10/29/2004:
Today, we’re bringing you a variety of stories from around the state in the fall of 1914. Here’s a bit of trivia from a Towner County newspaper: “For every five square miles of plowing you travel 2,500 miles. That’s equal to a single furrow all the way around the earth. Getting enough wheat for a loaf of bread requires a furrow fifty feet long.”
Back in the days of plowing with horses, it was said a man could plow a furrow one mile long by noon. Then he’d turn around and plow a furrow next to it in time to be home for supper. And we think we’ve got it bad!

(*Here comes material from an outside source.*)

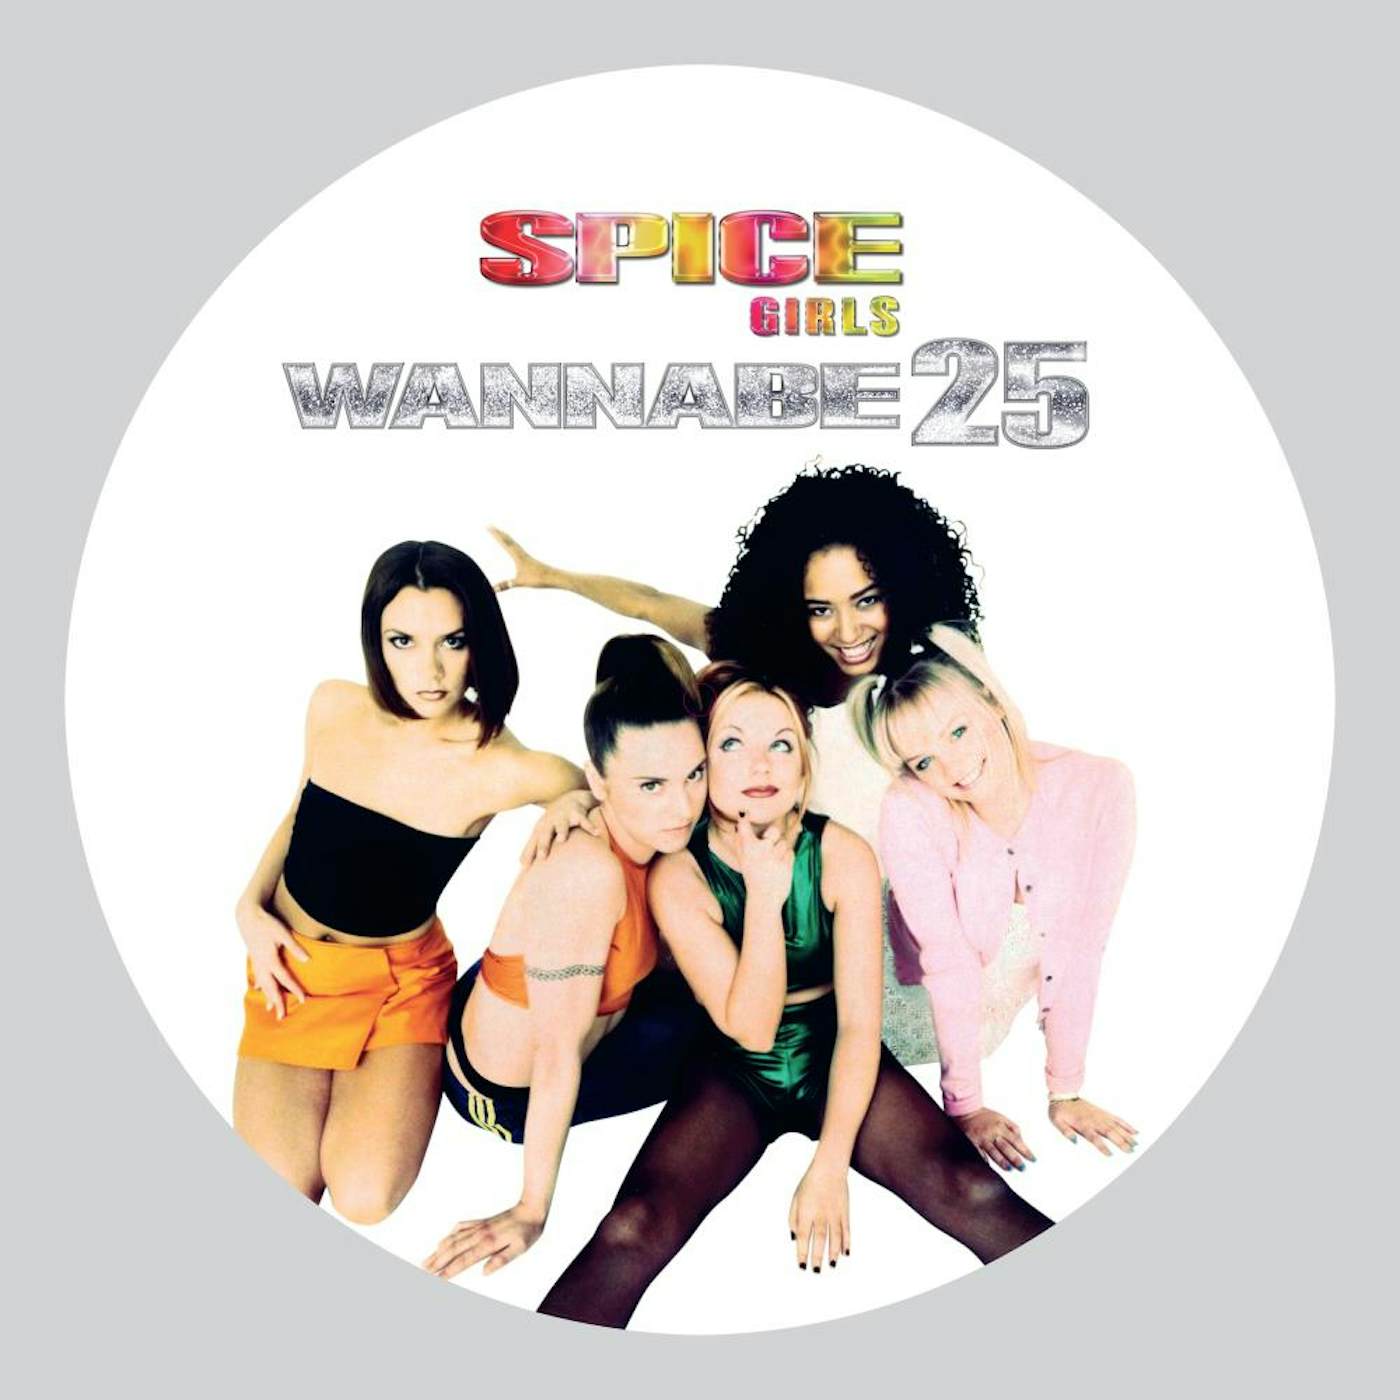 Spice Girls WANNABE 25 (PICTURE DISC) Vinyl Record

Turning our attention to the 1914 hunting season, the editor of the Milton Globe, E.L. Peterson, also happened to be a Game Warden that year. A newspaper article stated, “Mr. Peterson is a game warden and is taking a respite from his newspaper duties to keep a ‘weather’ eye on ‘sooners’...To make it more hazardous for those who do not obey the law, Mr. Peterson states that he will change territory with other game wardens occasionally so that the sly violator who thinks he has left the neighborhood may be unexpectedly nabbed by a strange warden. Mr. Peterson (states that) those who stop and shoot from an automobile will be arrested and if you have a game bird in your auto you can’t get off with the excuse that you ran over it with your machine...You must hunt on your own land if you have no license and the law does not allow you even the adjoining highway for hunting ground.”
Up in Towner County, a story ran, “Someone stole a coat belonging to Steve Williams which had been left hanging in the barn back of the meat market. Mr. Williams’ hunting license and other papers were in the pocket of the coat and he misses these more than the coat, which was an old one used when hunting.”
A story out of Rock Lake said that George Shireman, an eye doctor from Saskatchewan, traveled to Rock Lake, late in the summer of 1914, to look after his farming interests there. On his way back to his farm in Canada, he decided to go hunting for prairie chickens with a friend – also a doctor. A chicken flew up from some brush and Mr. Shireman’s companion shot at it. He hit the chicken, but he also hit Dr. Shireman, who was on the other side of the bushes. In a tragic ironic twist, the optician lost his right eye in the accident.
Up in Starkweather, Dr. W. J. Brownlee was walking down the street carrying a gun he had loaned to a friend during hunting season, 1914. As a thank-you, the friend had given Brownlee some prairie chickens he shot. Game Warden W.E. McCull spotted Brownlee and demanded to see his hunting license. Brownlee told him the circumstances, but said if the warden would like to accompany him, he had a license at home. McCull refused and told Brownlee to hand over his gun and chickens. Brownlee turned around and asked McCull to show him his credentials, which McCull happened to have left behind at his house, that day, too. In the argument that followed, McCull hit Dr. Brownlee, and the doctor sued the warden for assault and battery.
Also in Towner County, a story came out, reading, “Everett Lawler had an exciting experience while hunting chickens Tuesday. When he pulled the trigger of the gun to bring down a stray hen, the magazine exploded and Everett narrowly escaped without a scratch. The magazine of the gun was full of shells and it is probable that every one of these exploded. The force of the explosion was so great that the magazine has not come down yet.”